The point is not to go out and offend people, even though Sonnen prided himself on being provocative. The point is, when something demands attention, people will study it, stare at it longer, and look at it in more detail. They will also talk about it, and as we know, repetition of your message is critical. And if you have something special to offer, which Chael did despite his flaws, decision makers will take notice and give you more opportunities. Chael Sonnen steered into his problems, admitted his wrongdoing, and is now more popular than ever. Sonnen, having never won an official world title in combat sports, has nonetheless found lasting success in other ways. He lives in Portland, where I live, and I have observed him as a fight analyst, father, husband, son, and giver. Despite his superstardom, he is known for helping others and for his tireless generosity in his mission to give back to the wrestling community that made him. Though he may not have a title belt, one could say Chael is a world champion at life.
Grabbing immediate attention means your audience will take a harder look. If something is authentic, no matter how imperfect, then others will, at the very least, notice it and be able to come to a conclusion about it. An audience will look longer and harder at a message that demands attention. Regardless of whether they’re studying the good or the bad in it, they will notice the details.

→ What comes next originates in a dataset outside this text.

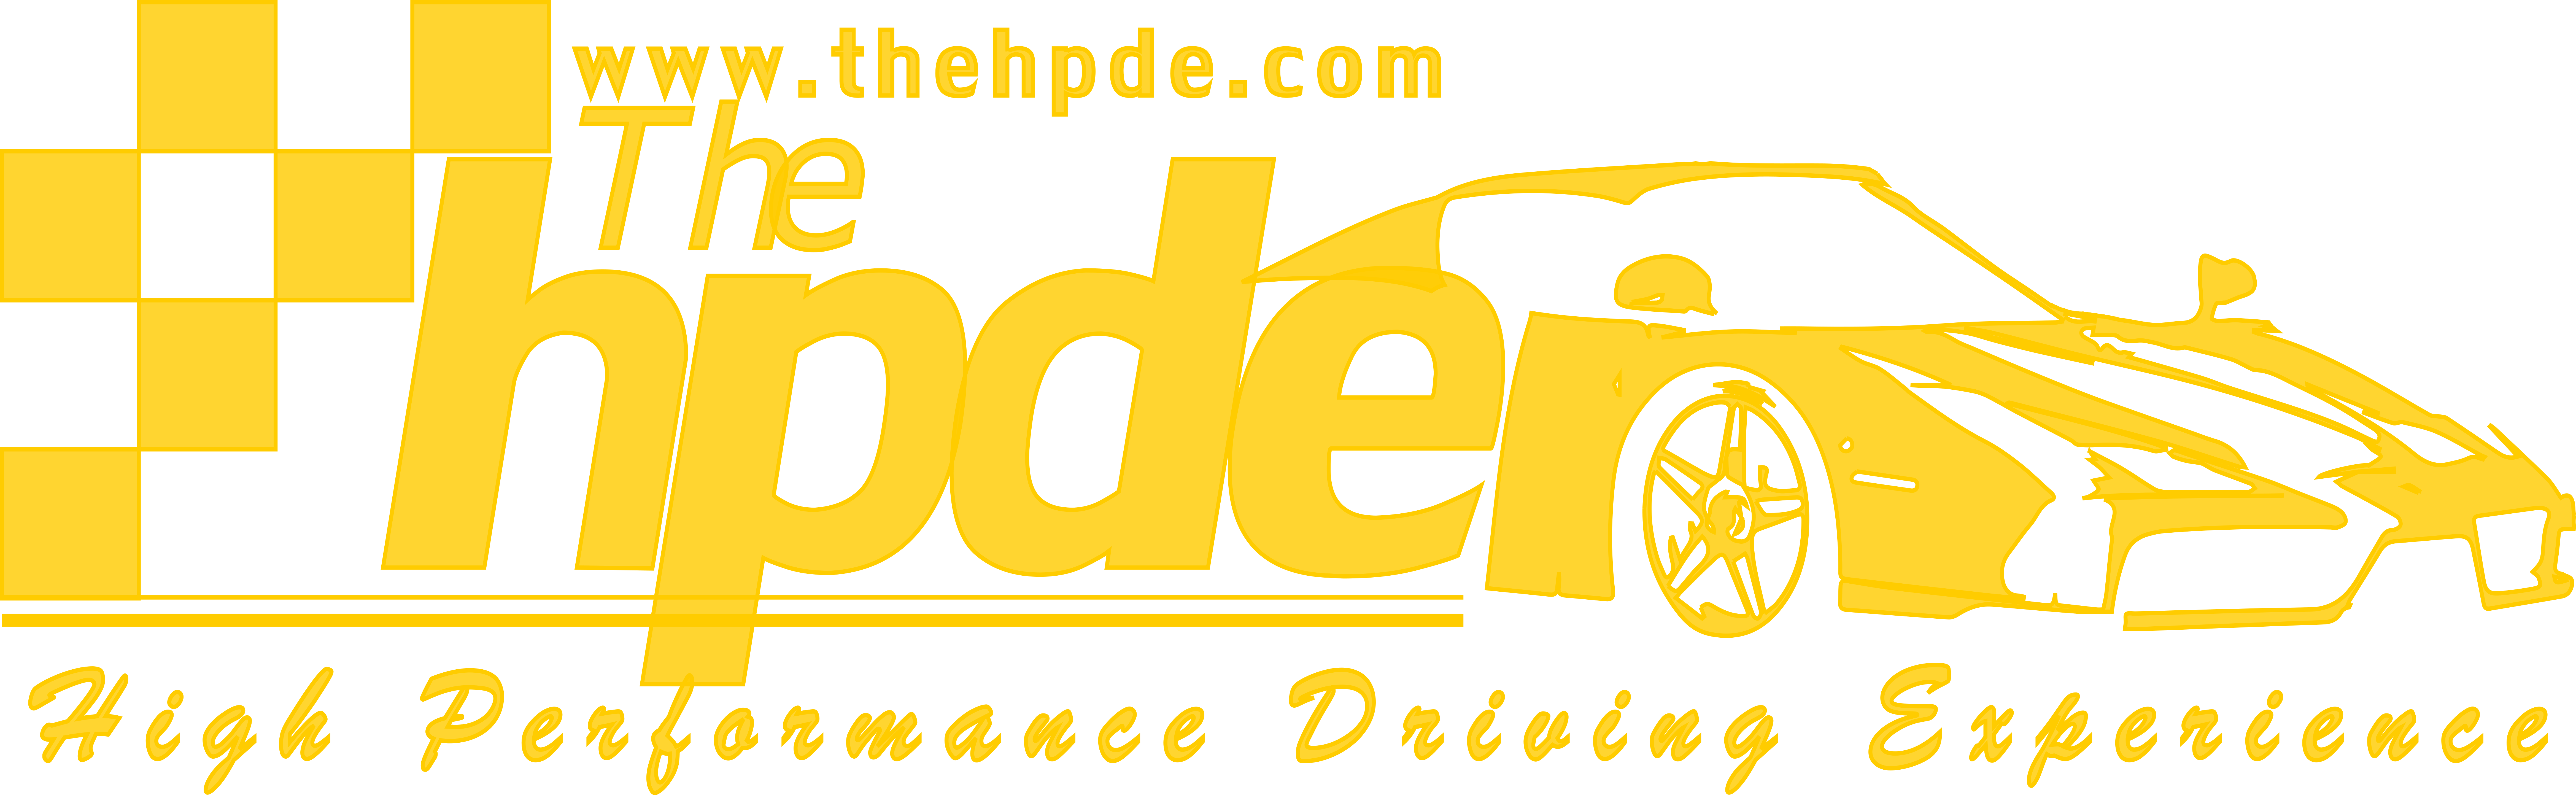 The HPDE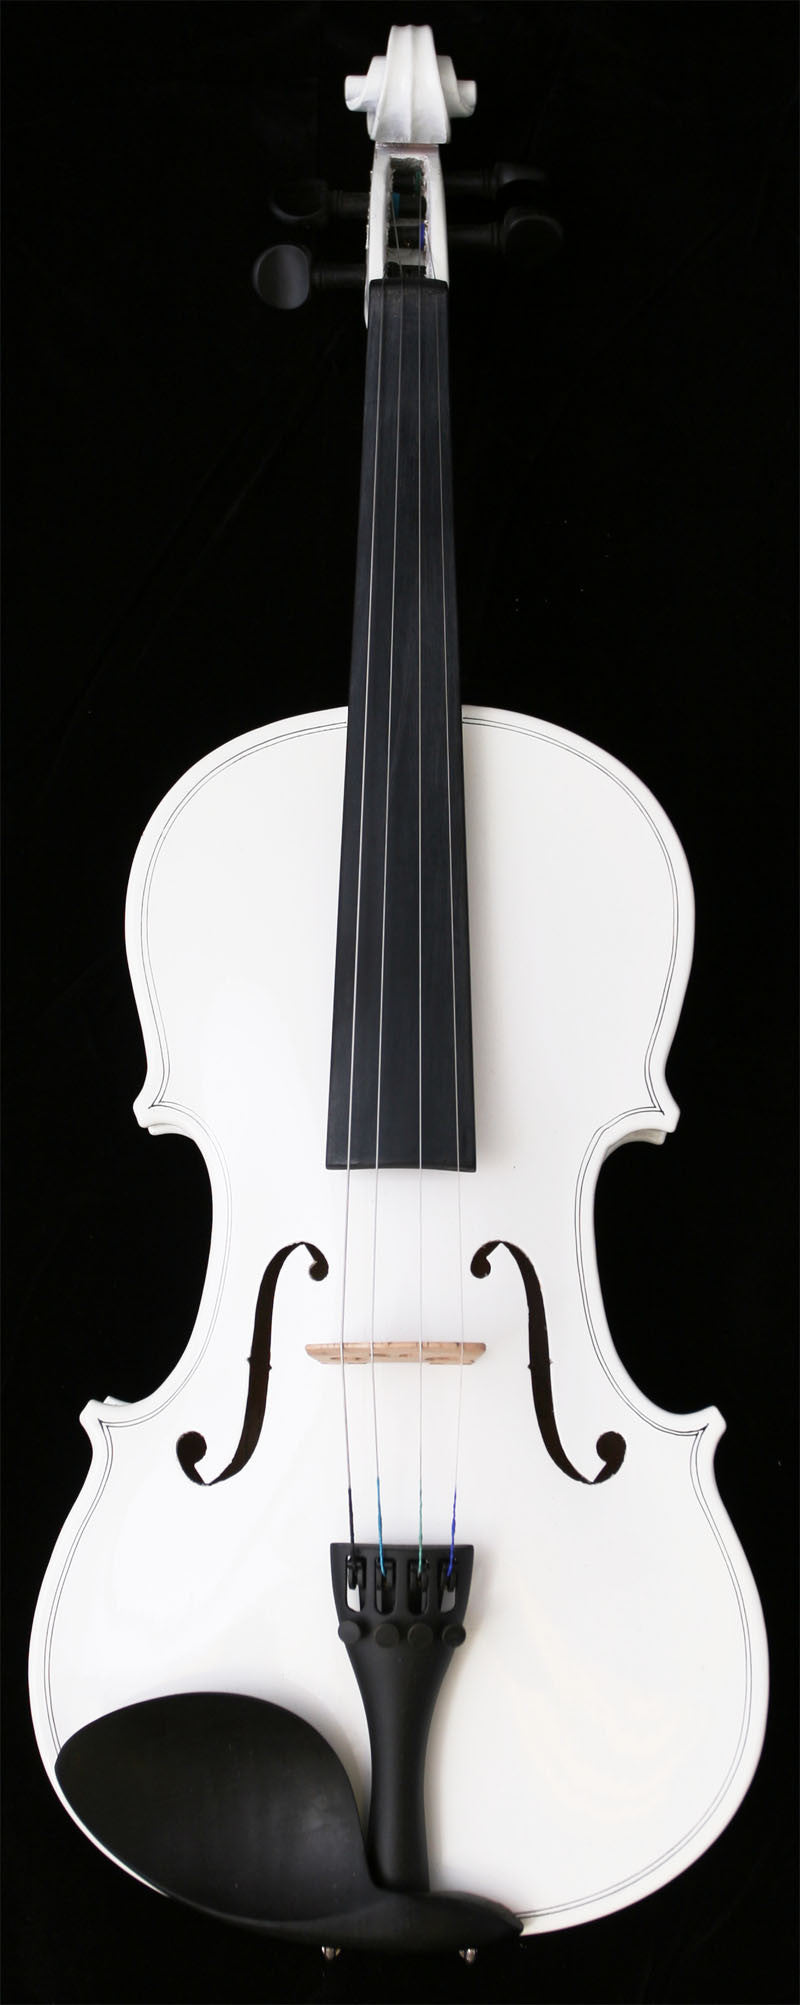 Crescent Direct Vl-wt3/4 3/4 White Maplewood Acoustic Violin With Case, Rosin, And Bow

A few years later, a young man from a working-class background in Dublin, Ireland, entered the UFC in a hailstorm of publicity. In just a few short years, Conor McGregor went from living on social welfare to being worth well over $100 million. He became the most successful and wealthiest MMA fighter in history, shattering every pay-per-view record the UFC ever had while becoming the promotion company’s first world champion in two weight divisions. Conor has often been compared to Chael as being an even bigger, badder, and better trash-talker. Some say he has even eclipsed the verbal acrobatics of bigger-than-life superstar and humanitarian Ali. Conor may not have taken his career from Chael’s playbook, but he had to notice, as a man struggling to make ends meet back in Dublin, that getting attention means opportunity and money.
In Chael Sonnen’s case, even if people didn’t like him personally, or were offended by his comments, when they scrutinized the man—the source of the message—they discovered that he was a far better athlete than he had previously been given credit for. Sonnen is an excellent example of how you can use iconic thinking to break from the paralysis of the diluted voice, stand out from the crowd, get noticed, and succeed.